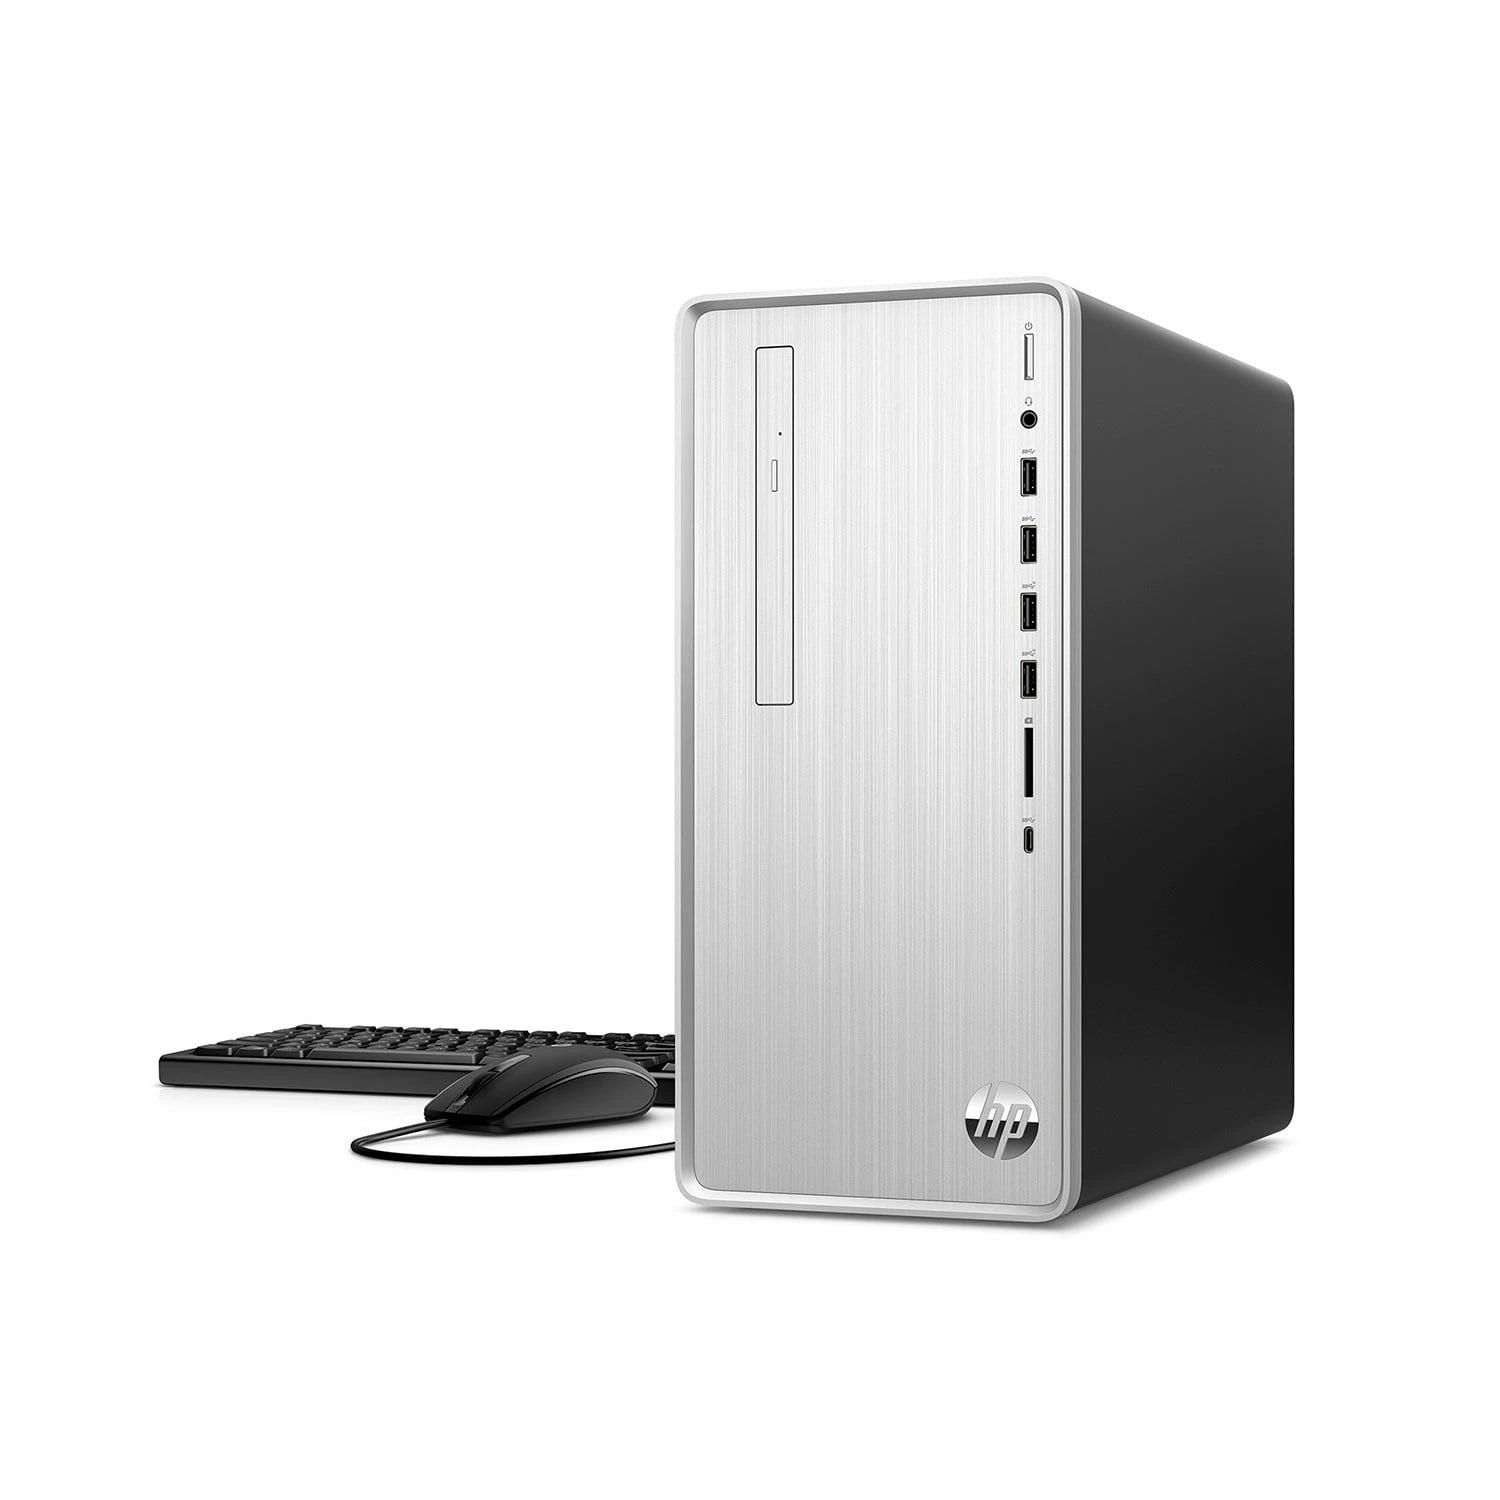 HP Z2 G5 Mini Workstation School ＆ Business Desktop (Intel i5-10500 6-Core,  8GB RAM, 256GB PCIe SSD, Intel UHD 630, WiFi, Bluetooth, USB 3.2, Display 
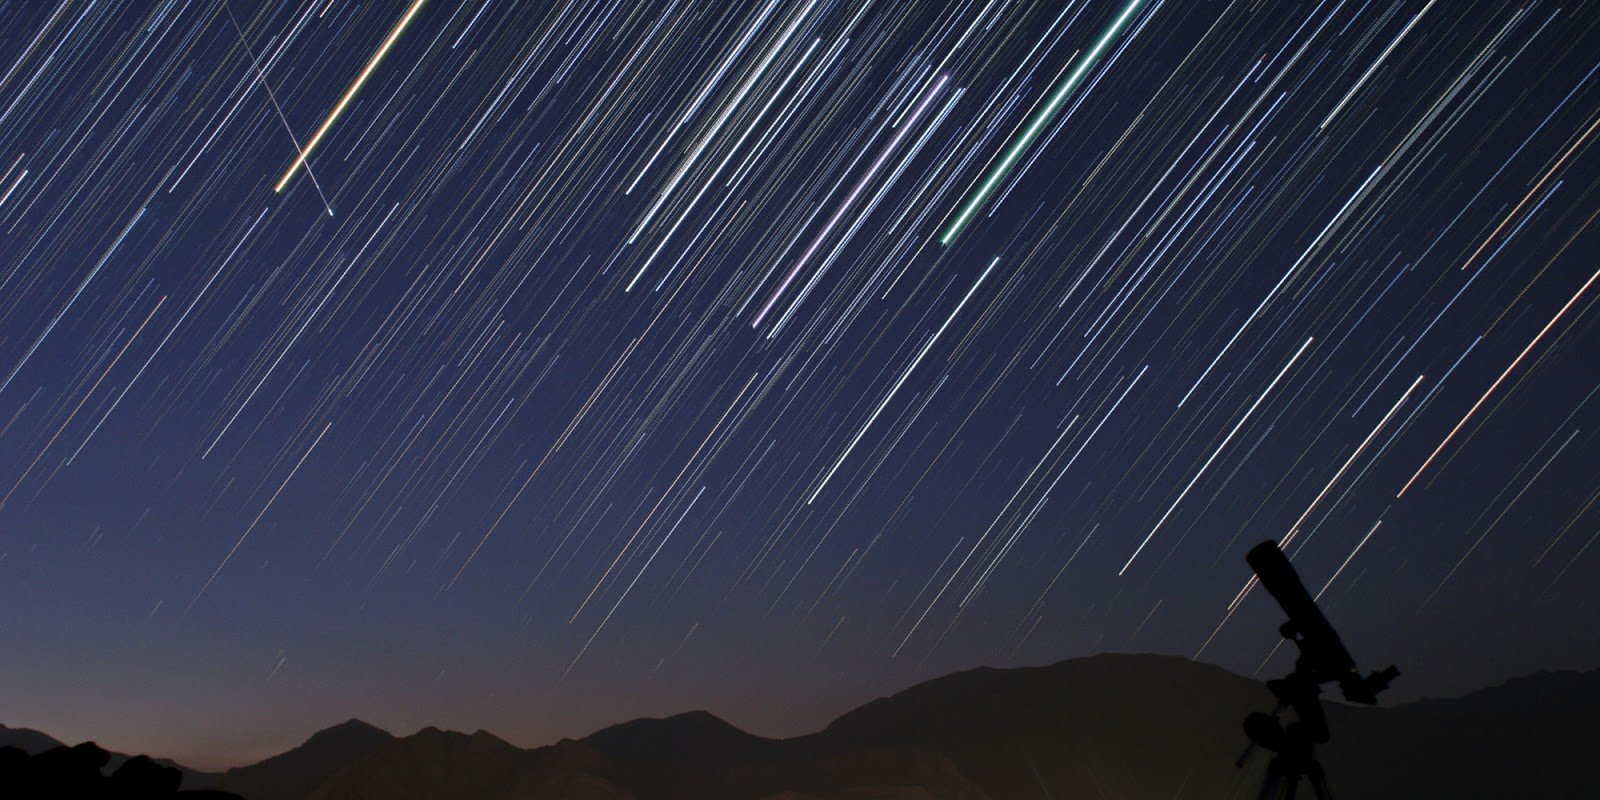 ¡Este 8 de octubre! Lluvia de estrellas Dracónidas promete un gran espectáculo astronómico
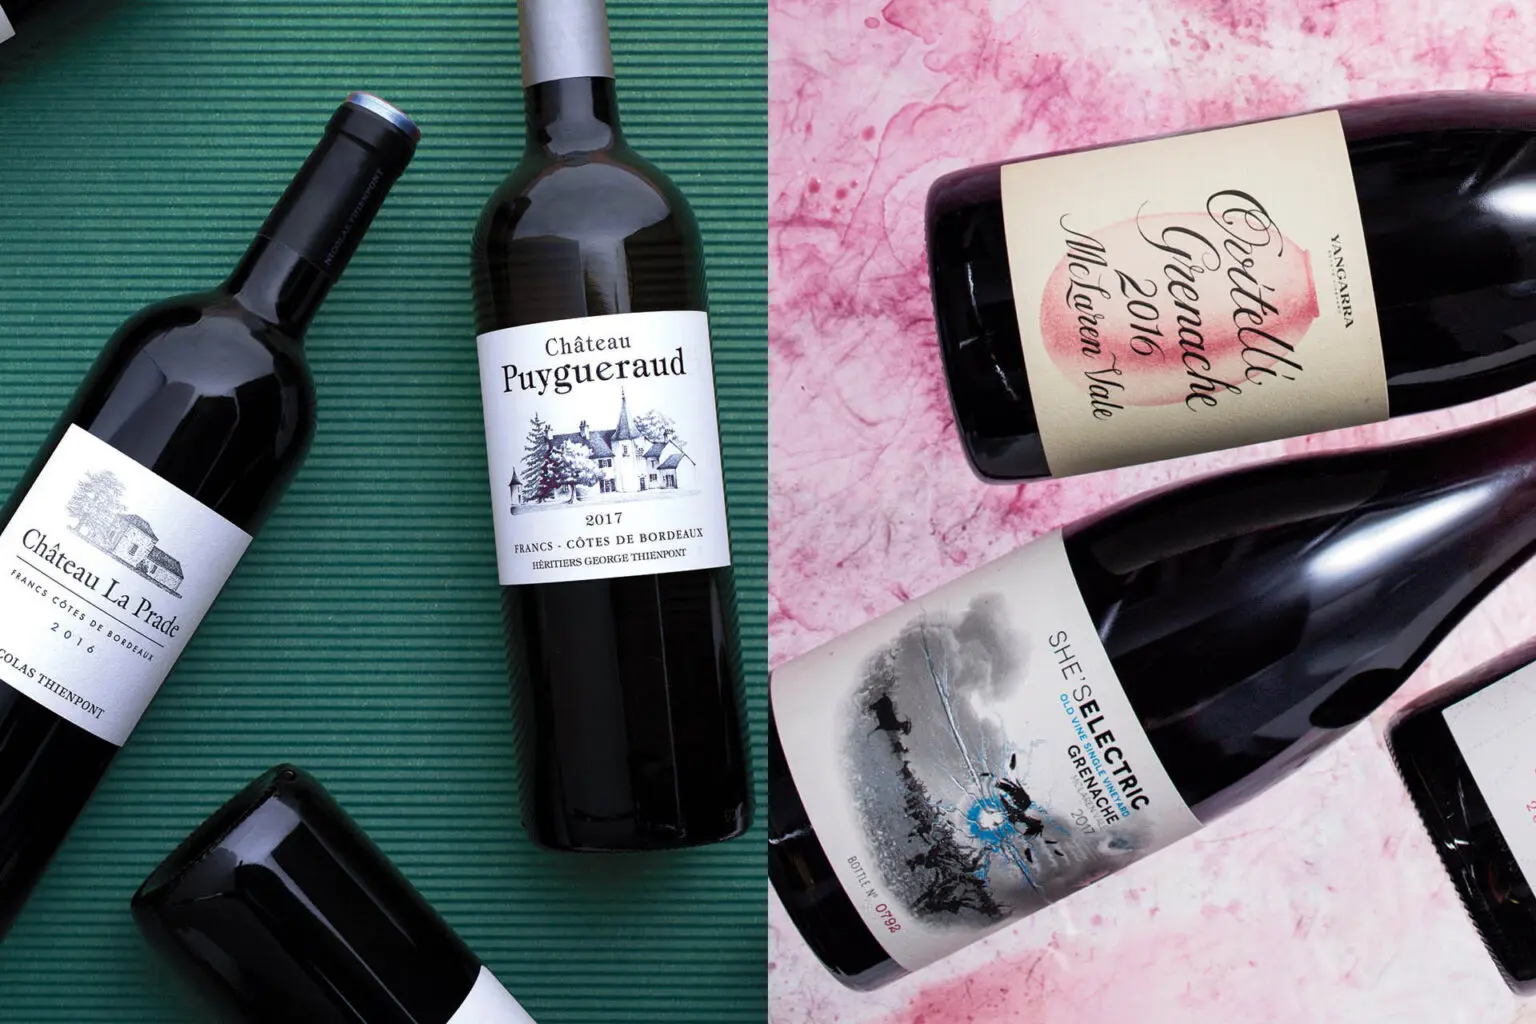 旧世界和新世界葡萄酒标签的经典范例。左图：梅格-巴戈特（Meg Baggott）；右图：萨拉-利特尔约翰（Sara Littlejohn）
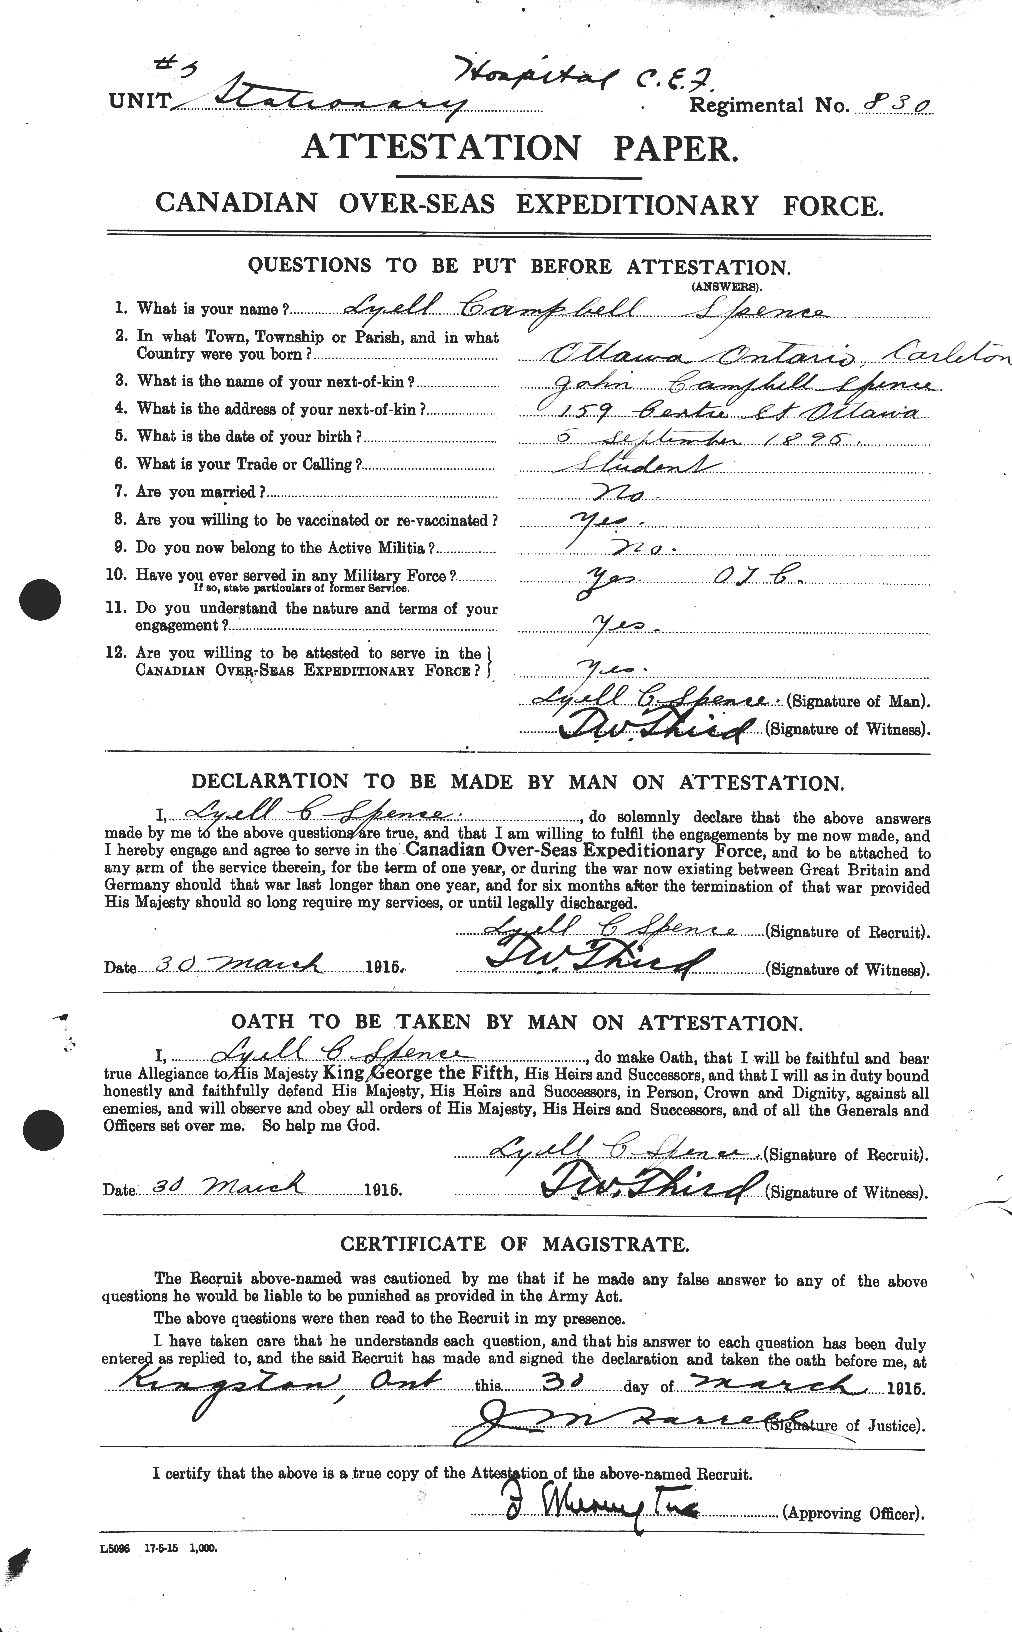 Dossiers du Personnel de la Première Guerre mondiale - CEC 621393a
========================================
■ Task ■
All lines from the one holding "gran espectáculo astronómico" to the end of the listing above need to be duplicated exactly. None of the pictures should be included.

■ Response to the task ■
 ¡Este 8 de octubre! Lluvia de estrellas Dracónidas promete un gran espectáculo astronómico
 旧世界和新世界葡萄酒标签的经典范例。左图：梅格-巴戈特（Meg Baggott）；右图：萨拉-利特尔约翰（Sara Littlejohn）
 Dossiers du Personnel de la Première Guerre mondiale - CEC 621393a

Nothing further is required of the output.